Динамика религиозных воззрений В. Шаламова на материале произведений “Четвертая Вологда”, “Двадцатые годы” и “Вишера. Антироман” очевидна, но проследить, как шла работа над этими произведениями в реальном историческом времени, не представляется возможным. Задумывались они в одно время, а записывались в другое (двадцать лет В. Шаламов провел в лагерях и ссылке). Я следую хронологической последовательности событий, освещенных в этих произведениях.

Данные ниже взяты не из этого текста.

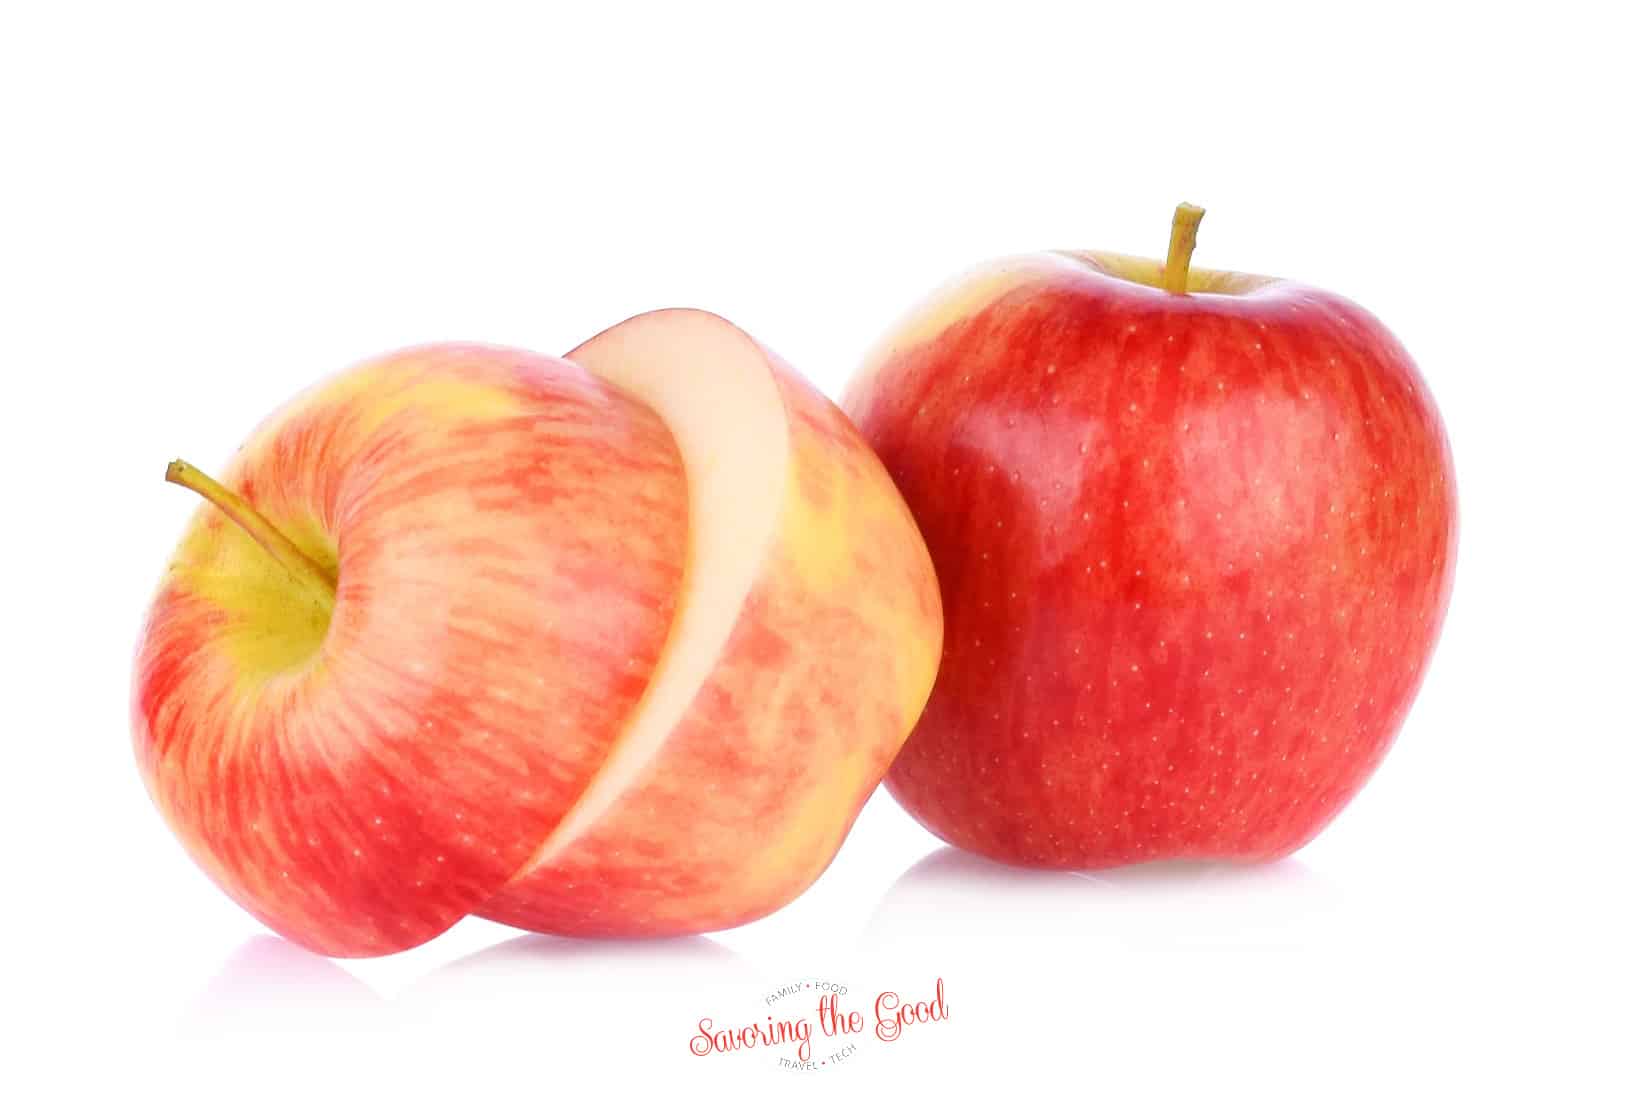 Two pink lady apples on a white background.one of the sliced in half horizontal.

Повесть “Четвертая Вологда” посвящена истории семьи В. Шаламова. Семья высвечивается, как муха в янтаре, в густом обрамлении среды. Среда претерпевает динамичные превращения, и те, в свою очередь, меняют заданную изначально незыблемость патриархального внутрисемейного быта. Исторический период, охваченный в “Четвертой Вологде”, отмечен двумя датами – 1904 год, когда отец, Тихон Шаламов, возвращается из Северной Америки, где 12 лет провел миссионером (!) на Аляске, обращая в христианство алеутов, и 1924 год, когда молодой Варлам Шаламов покидает Вологду навсегда. Записывается повесть “Четвертая Вологда” в шестидесятые годы, и многие оценки прошлого даны зрелым В. Шаламовым, обремененным опытом Колымы. Далее – по хронологии – идут “Двадцатые годы”, период, когда В. Шаламов расстается с Вологдой, родителями, переезжает в Москву и начинает жить самостоятельно. Материалом “Двадцатых годов” служат Москва тех лет, быт студенчества (в 1926 году В. Шаламов поступает на юридический факультет Московского университета) и крутые повороты истории. Двадцатые годы в реальной жизни автора заканчиваются его первым арестом в 1929, но об истории ареста В. Шаламов повествует уже в “Вишере. Антиромане”, что позволяет “Вишеру” поставить в конец этой условно скомпонованной трилогии, хотя у этого текста есть точный год написания – 1961.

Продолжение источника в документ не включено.